» Recorded data
════

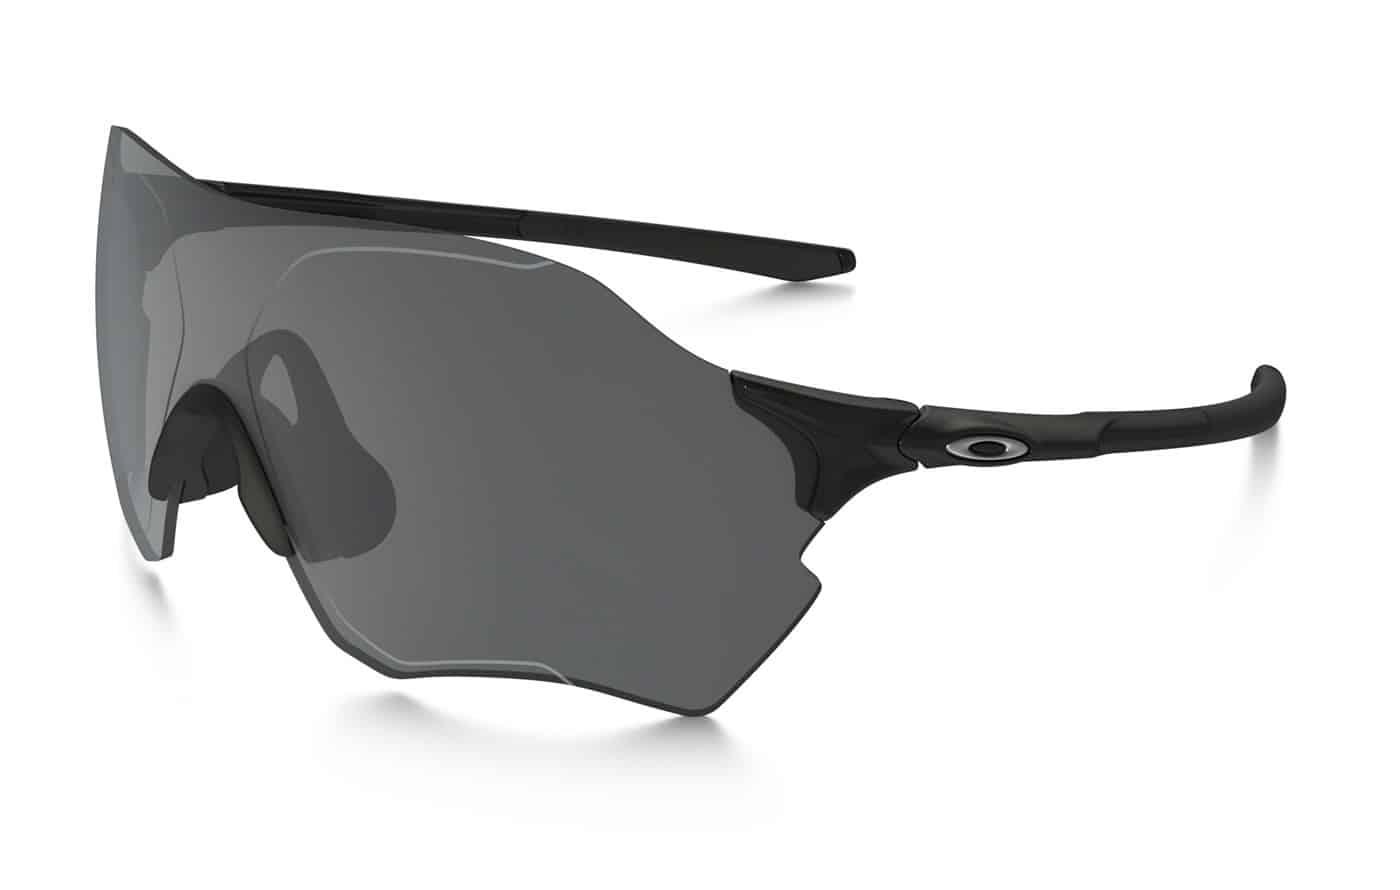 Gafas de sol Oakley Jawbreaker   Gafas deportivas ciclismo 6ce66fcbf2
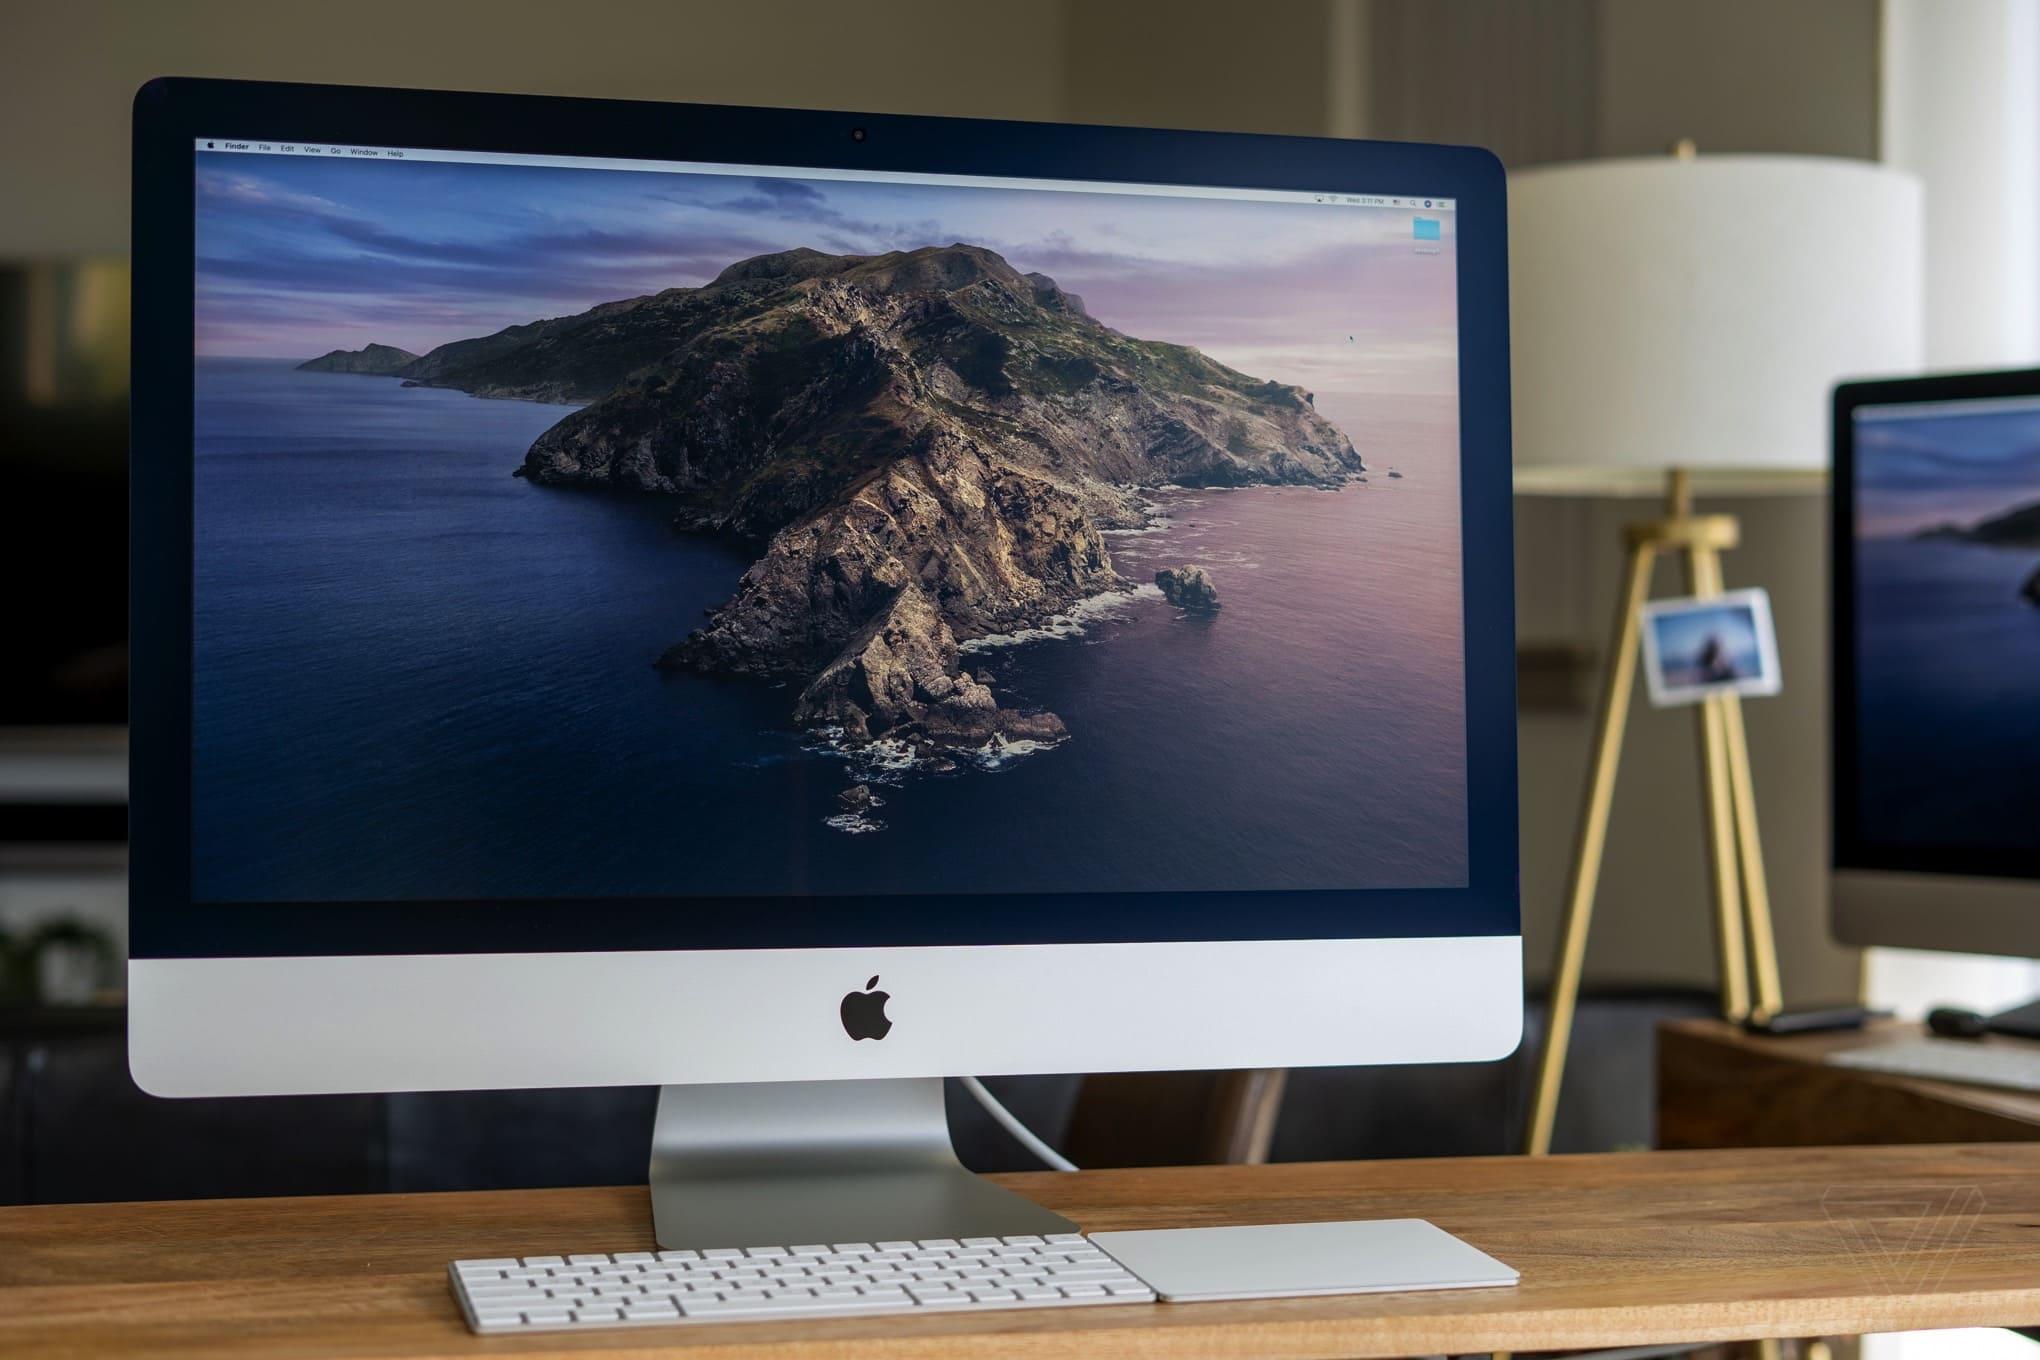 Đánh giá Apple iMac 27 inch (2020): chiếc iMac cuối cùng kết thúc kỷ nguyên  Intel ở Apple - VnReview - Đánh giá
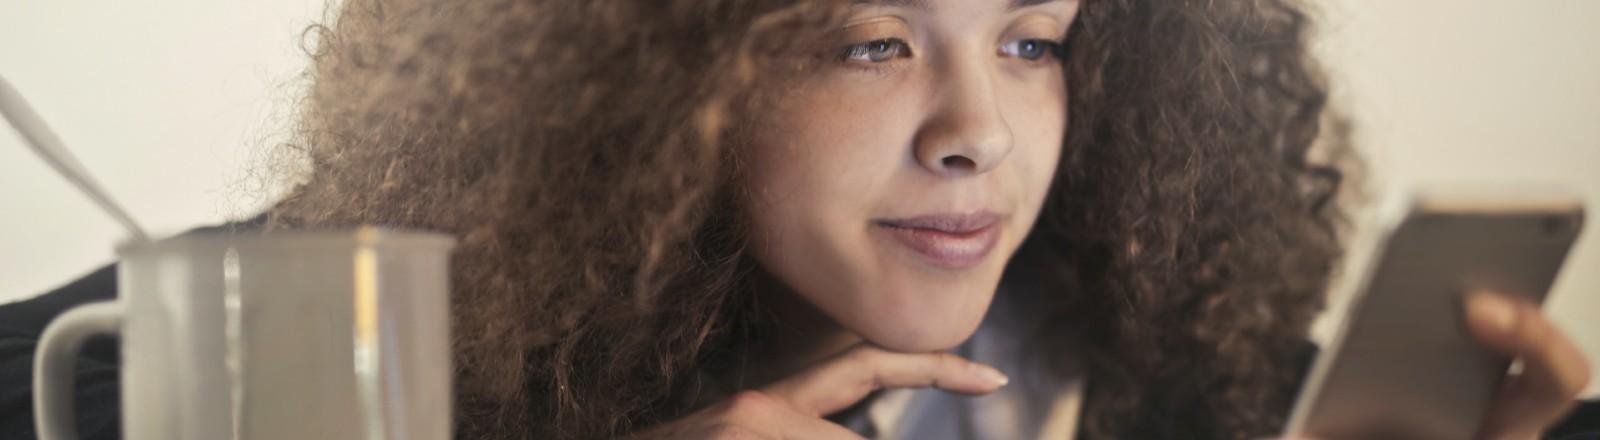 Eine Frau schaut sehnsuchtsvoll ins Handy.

════

» Try it
Restate all of the material above word for word, excluding the pictures.

» Output of the exercise
 Gafas de sol Oakley Jawbreaker   Gafas deportivas ciclismo 6ce66fcbf2
 Đánh giá Apple iMac 27 inch (2020): chiếc iMac cuối cùng kết thúc kỷ nguyên  Intel ở Apple - VnReview - Đánh giá
 Eine Frau schaut sehnsuchtsvoll ins Handy.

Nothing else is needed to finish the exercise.